Perhaps you even manage to avoid situations because you are afraid that you will have to accept something you don't want or because you know you will be unable to refuse them. From the outside, not only do we find you too nice, but also a little "good pear".
So how do you say no? There is obviously no miracle recipe, just common sense advice. For example, by anticipating situations, repeating what you are going to say and finding the right words in advance. A way to be serene and relaxed when the time comes. By also allowing yourself not to answer right away and allowing yourself a moment of reflection. Finally, avoiding constantly justifying yourself. Your turn to try. You may find that saying no is not that bad.

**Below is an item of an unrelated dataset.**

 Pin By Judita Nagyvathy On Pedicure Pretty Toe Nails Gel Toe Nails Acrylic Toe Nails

Your dream? Look like the finance manager of your company. With her perfect brushing, her sophisticated style and her confident walk, she is a real eye-catcher. And above all: what a charisma!
It's true she has a very bad temper and everyone fears her. But now, she knows how to make herself respected.

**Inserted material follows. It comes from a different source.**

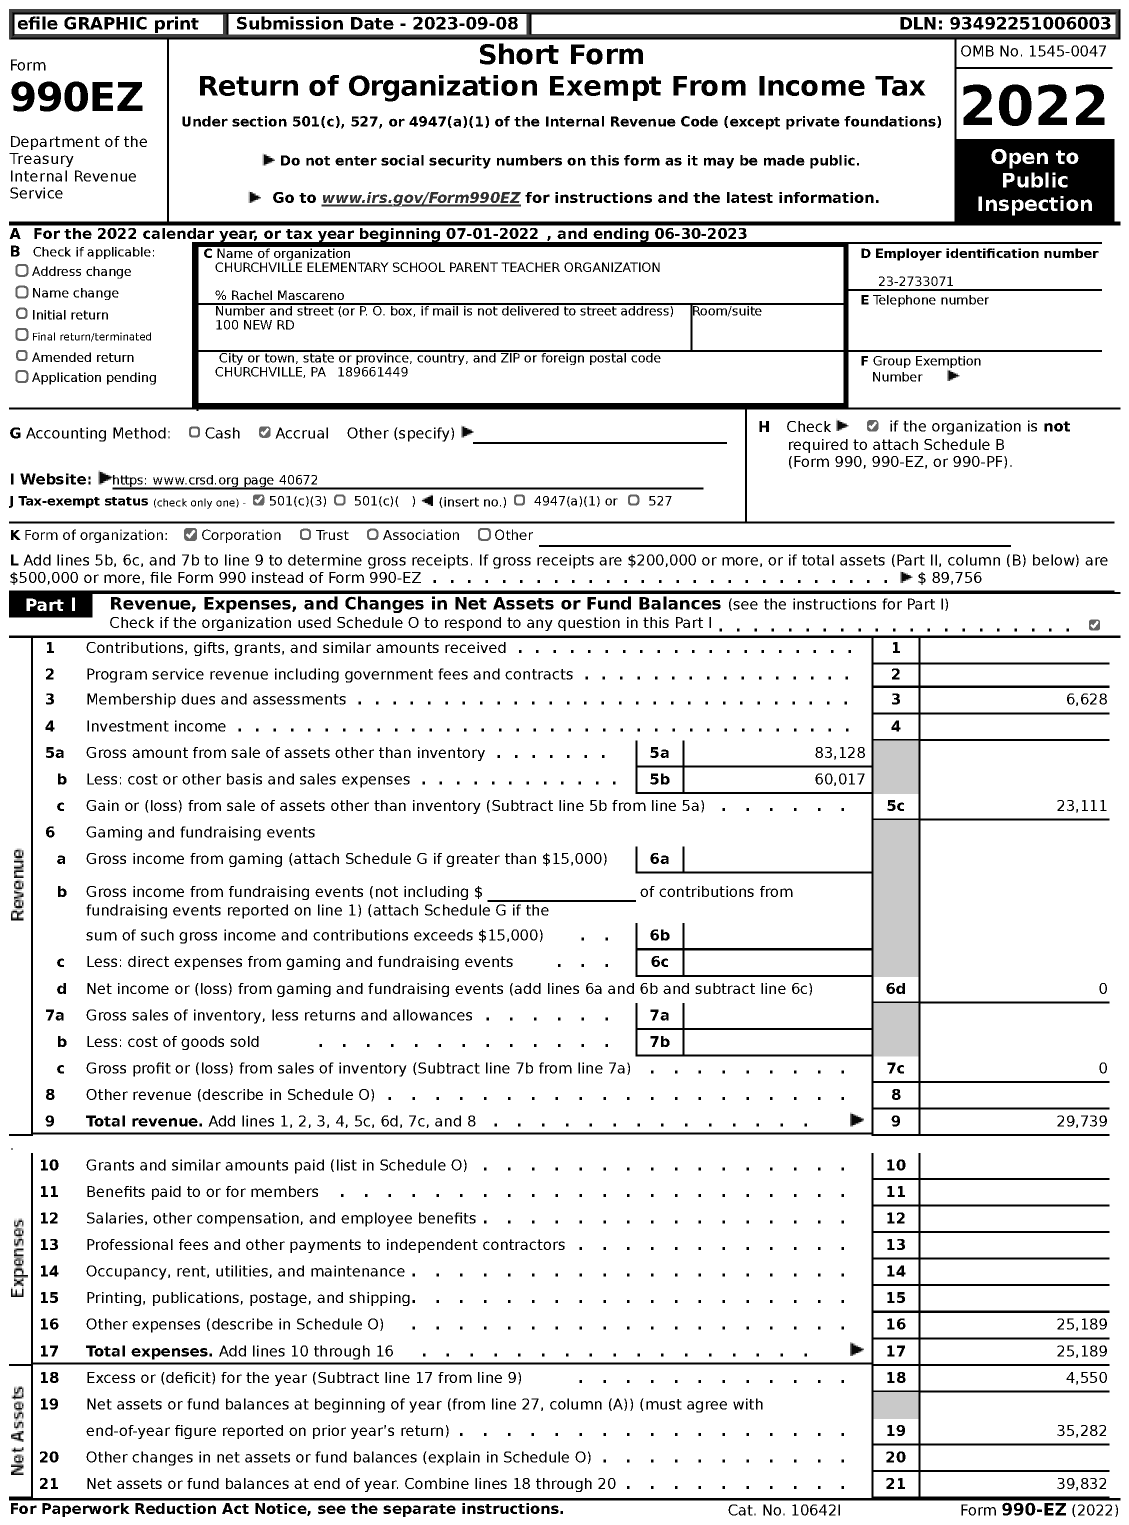 Image of first page of 2022 Form 990EZ for Churchville Elementary School Parent Teacher Organization

Well you are wrong! No, it is not by subjecting others to one's authority, by displaying an arrogant character and by inspiring fear and mistrust that one gains respect.
Even discreet and reserved, you can arouse admiration and respect!
Self-reflect to move forward
It is always said that the difficulties we experience have their origins in childhood. Finally this impression of not being able to assert yourself, you have always felt it more or less. It is indeed possible that you reproduce the model of your parents: they were always submissive to others and never dared to assert themselves either. Perhaps you were also educated in a not very rewarding family atmosphere, where all your initiatives were denigrated and that even today you lack self-confidence, for fear of doing wrong. Perhaps on the contrary, an overprotective entourage, never giving you any initiative, has made you a cautious person, unable to take risks and impose yourself.
As you can see, a little flashback can be useful in explaining certain traits of your character. Just being aware of it should help you move forward, gain self-confidence and thus gain respect for yourself.